The current spec allows this code condition?expr1:expr2. It looks horrible...
Maybe the following could be considered:
I would propose to deprecate the non-whitespaced ternary operator together with the introduction of NNBD. And to use the proposal of @tatumizer of the ternary operator simply having precedence over null-aware subscripting. Additionally, the linter would warn against non-braced versions of either the ternary operator or null-aware subscripting in map or set literals.
Now we have the following situation:
{"a": 1}; // map literal
{"a"} ; // set literal
{ a ? [b] : c }; // set literal, linter warning
{ a?[b] : c }; // map literal, linter warning
{ (a ? [b] : c )}; // set literal, linter happy
{ (a?[b]) : c }; // map literal, linter happy
Example 3 in the above code is a breaking change. It used to be a ternary operator, with NNBD it becomes subscripting. This changes the overall expression from a set to a map literal.

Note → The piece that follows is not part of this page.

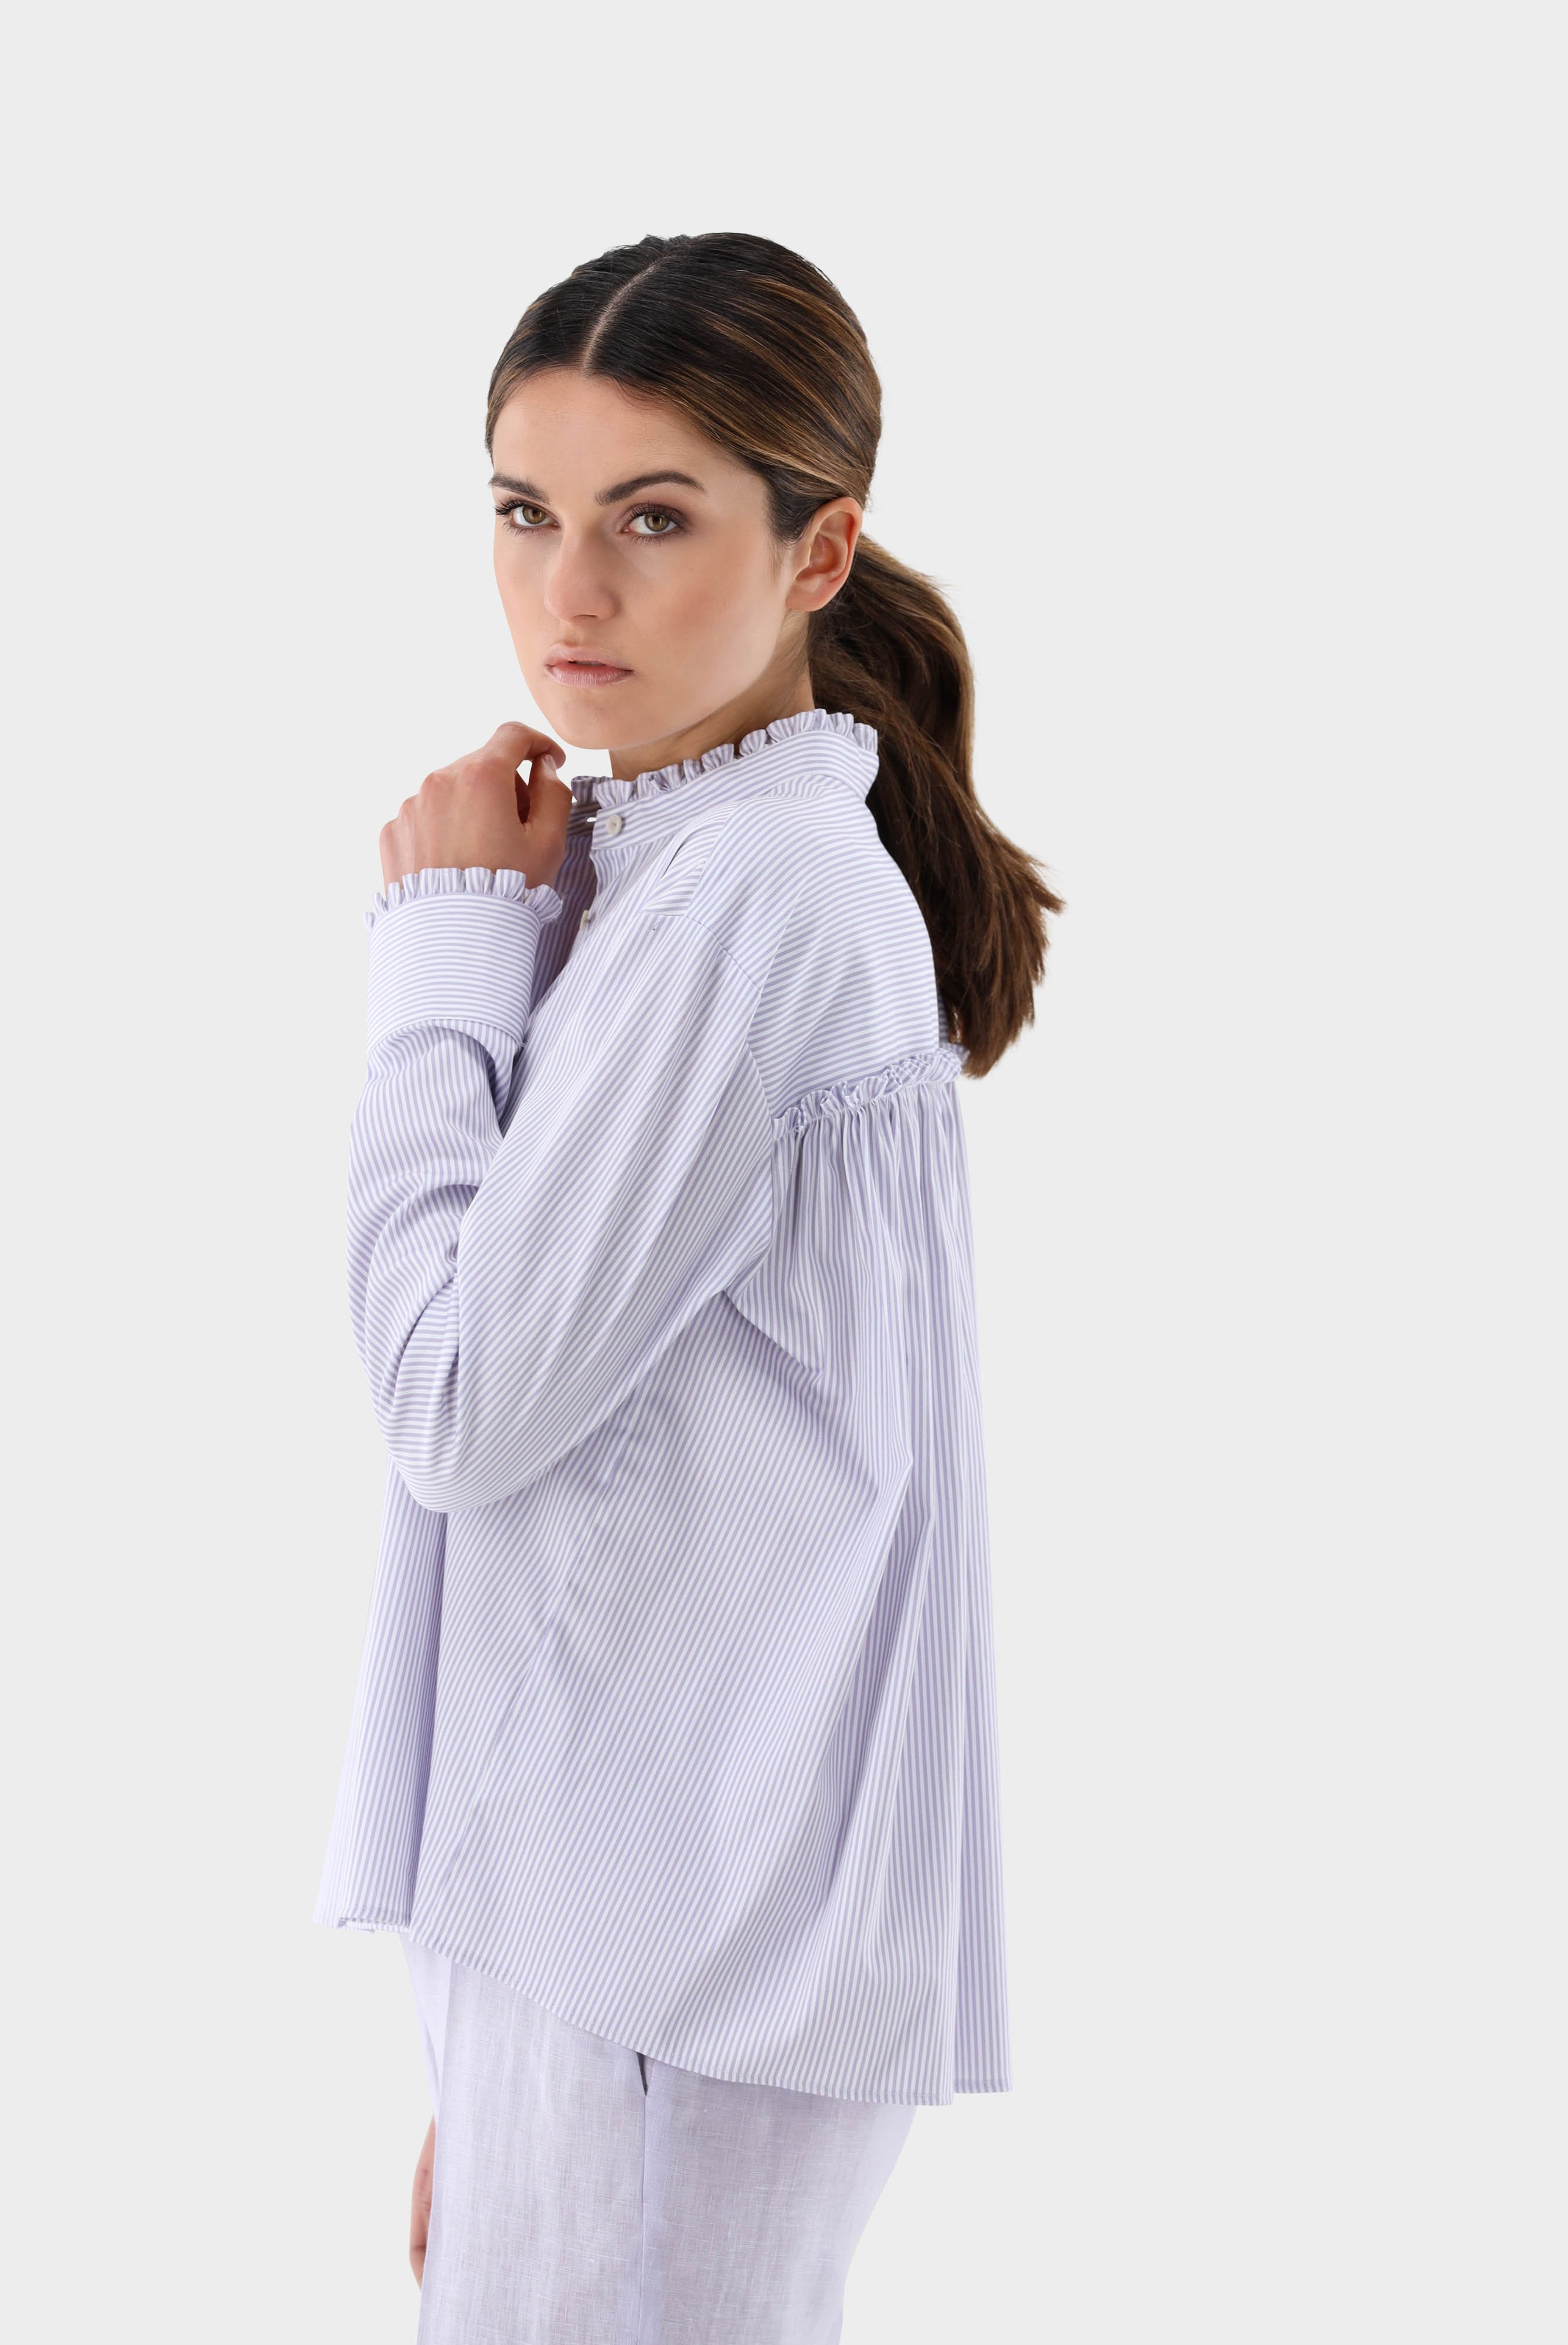 Standup Collar Blouse with Ruffles and Stripes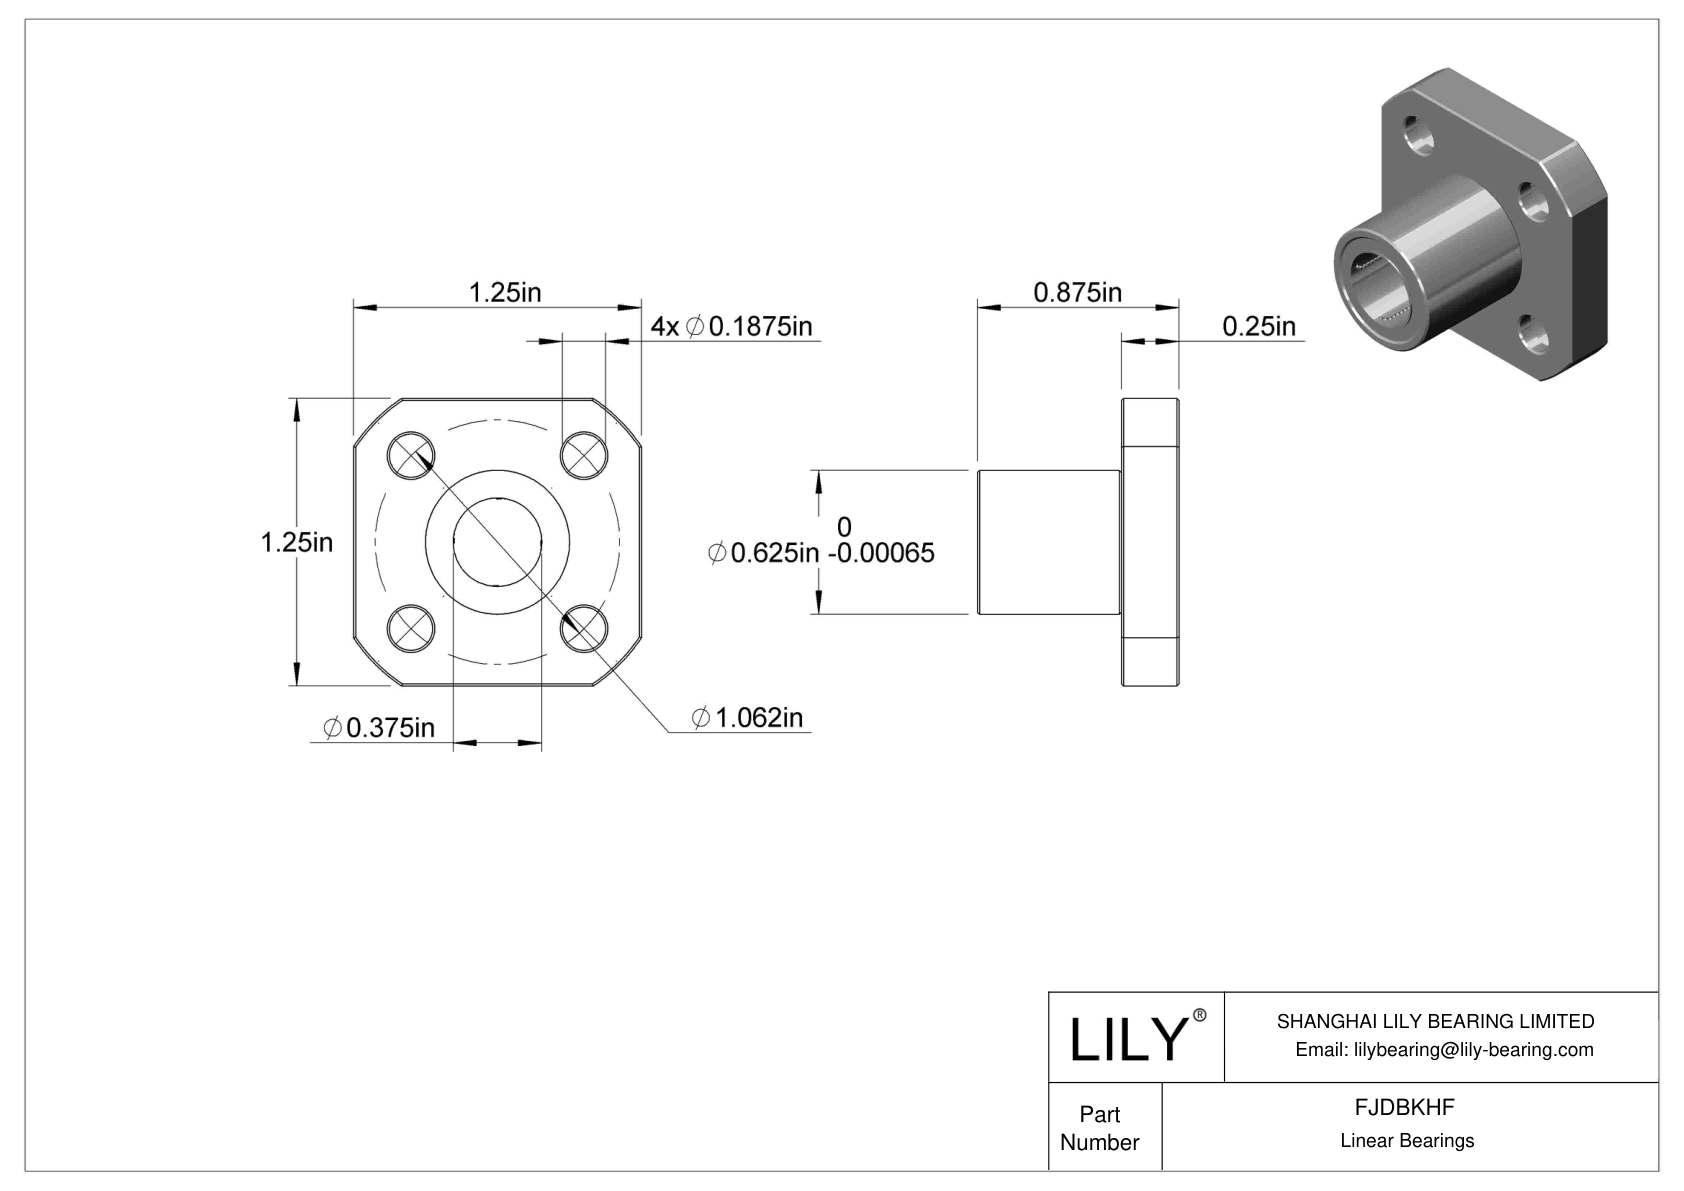 FJDBKHF Corrosion-Resistant Flange-Mounted Linear Ball Bearings cad drawing

But I assume that dartfmt will format the ternary operator with whitespace in any case? So properly formatted code will not break. And it introduces a linter warning in any case, so the error case would not be silent.
However, I am aware that this has a huge disadvantage. Ternary operators in map or set literals now lead to a linting error (even if they are nicely whitespaced), since they are not surrounded by braces. I guess this would be unacceptable, since it floods existing code with linter warnings. Maybe dartfmt could also add these braces to ternary expressions. So we are back to: "properly formatted code will transition to NNBD seamlessly"
I posted #740 "If-expression without ? with mandatory else-part" in accordance with C1.2 in this.
@leafpetersen :
The concern is users writing code that they think means X, but which the compiler interprets as Y.
Oh I see. You mean, some real user, in a real program, writes var wat = { a ? [b] : c }; and expects it to evaluate to "a map containing the result of null-aware subscript"? The map is supposed to have a single entry keyed by an array. Quite possible. But we could probably agree on one thing: the author of the above program must be a truly original thinker. Would it be prudent for the language to try to optimize the syntax for such original thinker who may, or may not, exist? :-)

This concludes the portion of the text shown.